» **INSTRUCTIONS FOR THE TASK**:
Write out each line of the material exactly as given, and drop the images.

═══ AVAILABLE DATA ═══

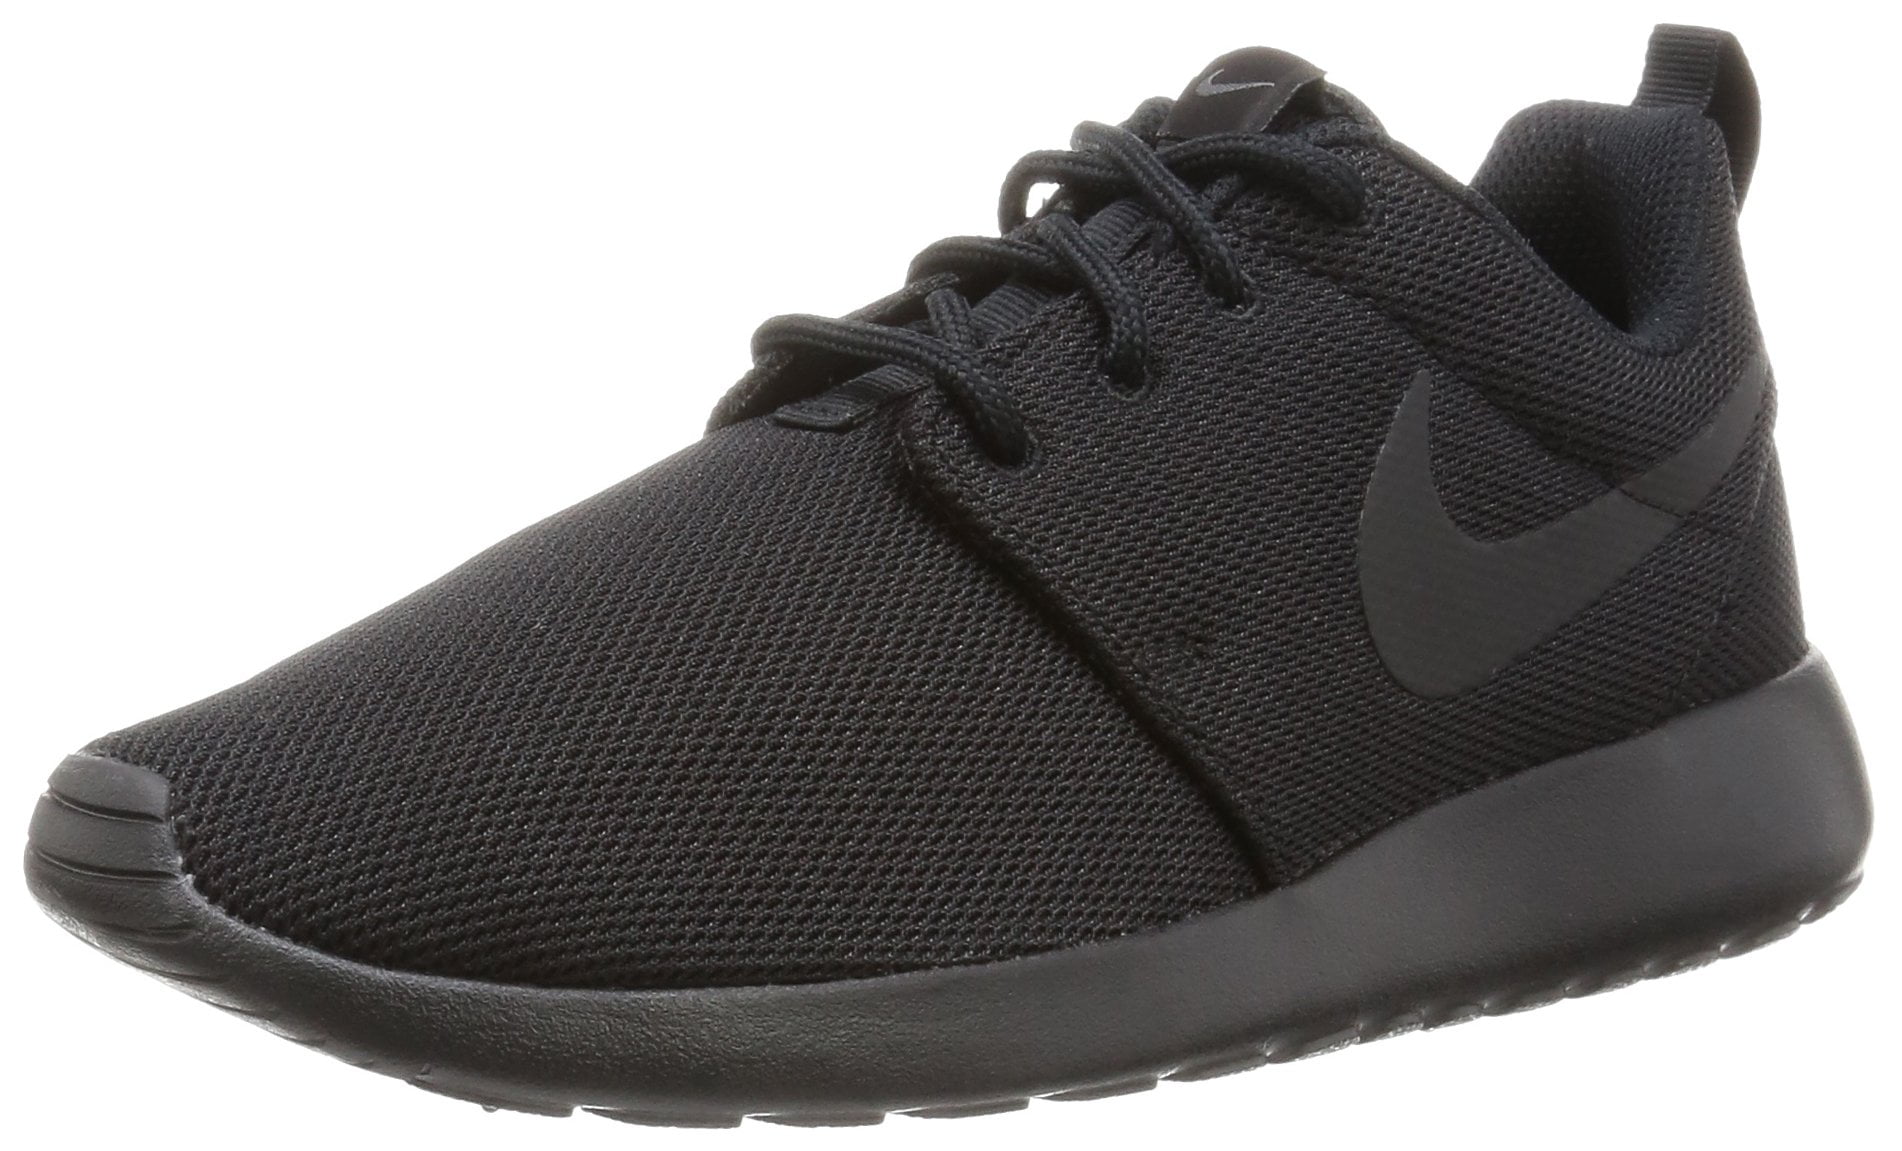 als resultaat dreigen voorzetsel Nike 844994-001: Womens Roshe One running shoe Black/Dark Grey  (Black/Black, 10 B(M) US) - Walmart.com
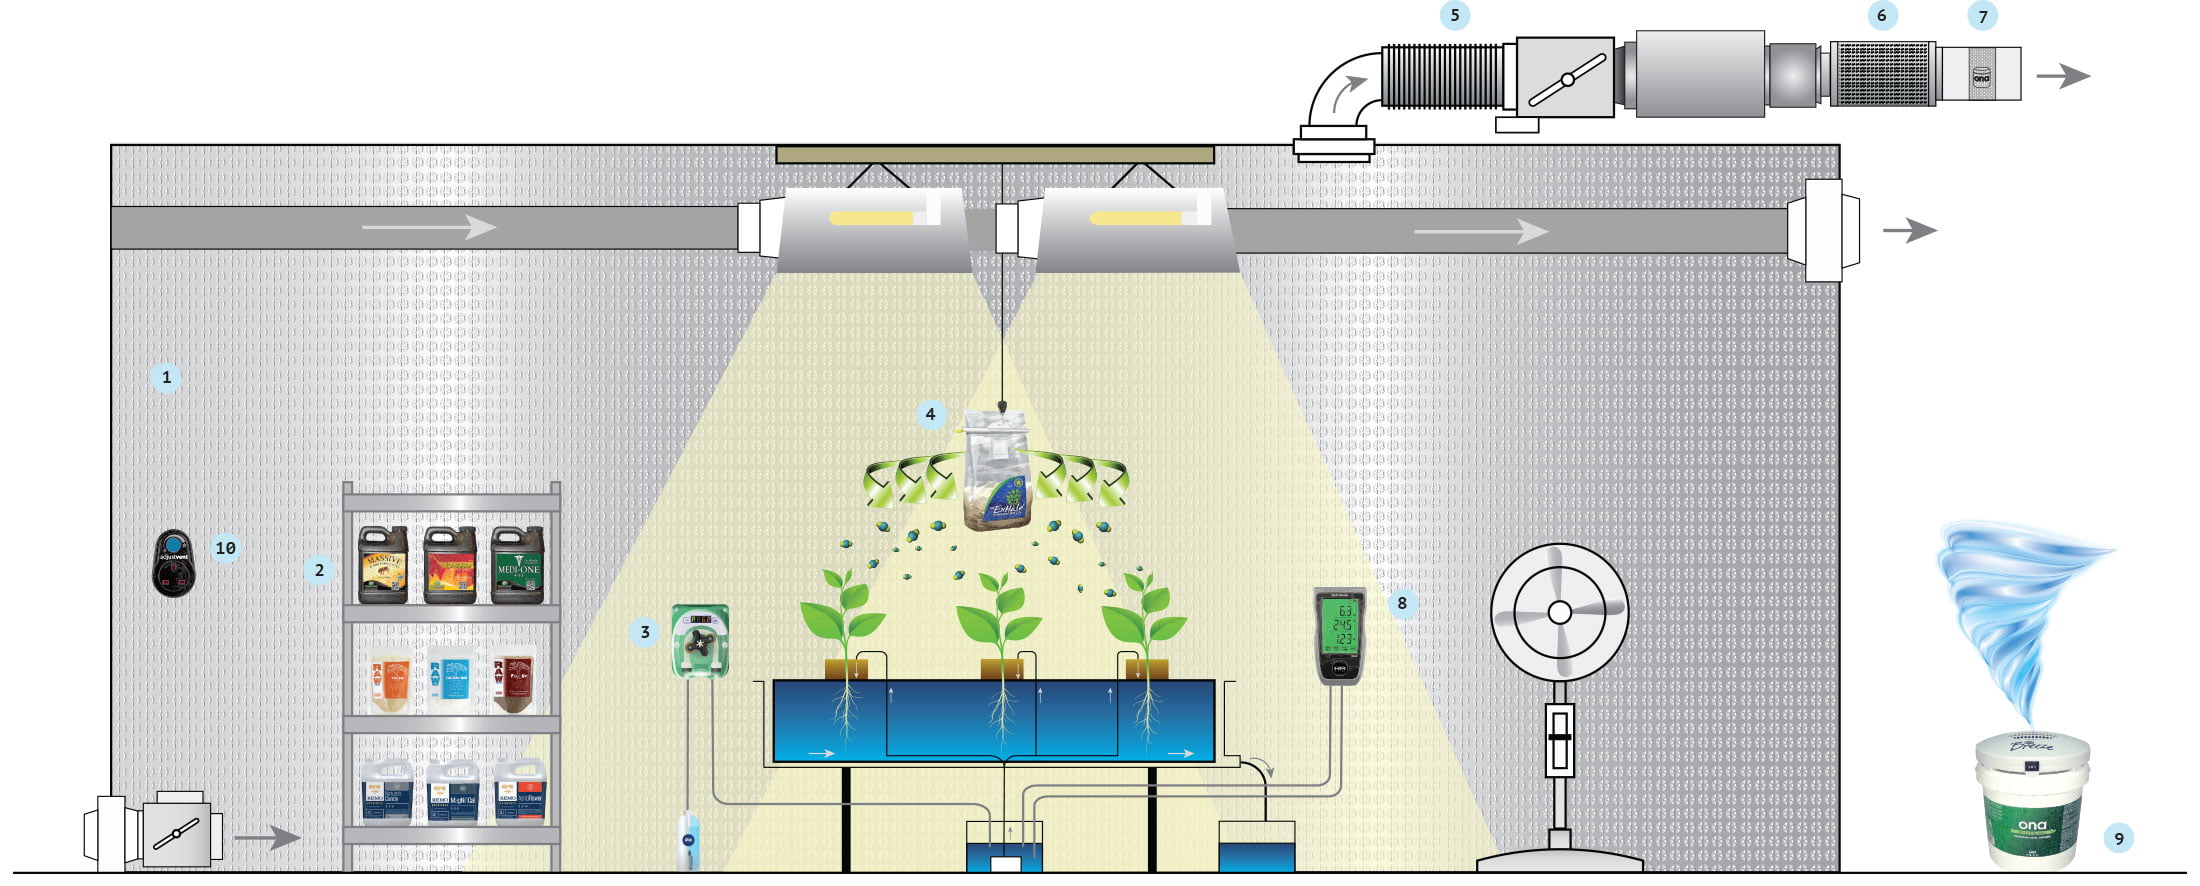 hydroponics grow room - how to set up a hydroponics grow room
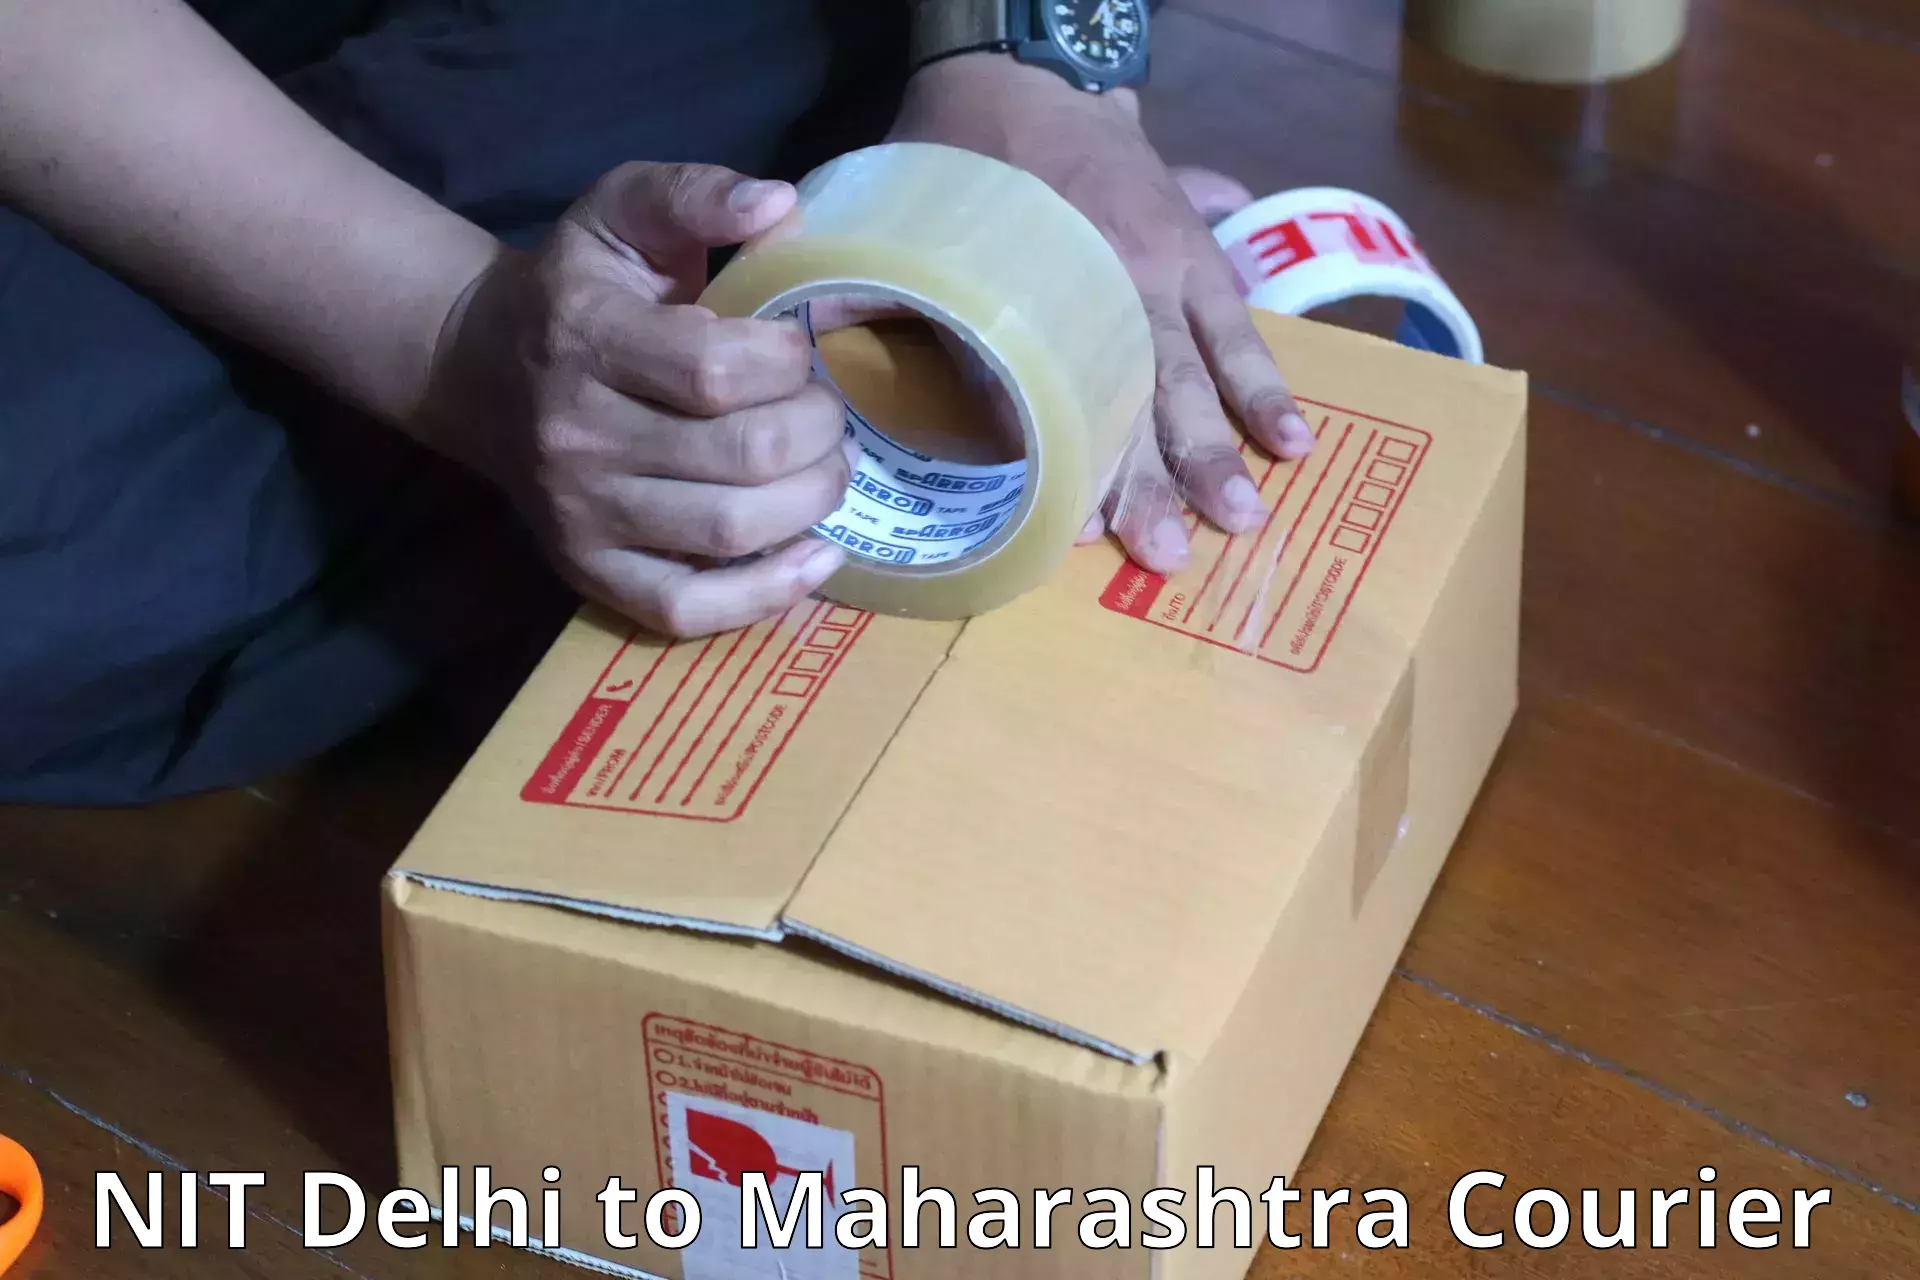 Baggage relocation service NIT Delhi to Maharashtra

═══

» **COMPLETED TASK**:
 als resultaat dreigen voorzetsel Nike 844994-001: Womens Roshe One running shoe Black/Dark Grey  (Black/Black, 10 B(M) US) - Walmart.com
 hydroponics grow room - how to set up a hydroponics grow room
 Baggage relocation service NIT Delhi to Maharashtra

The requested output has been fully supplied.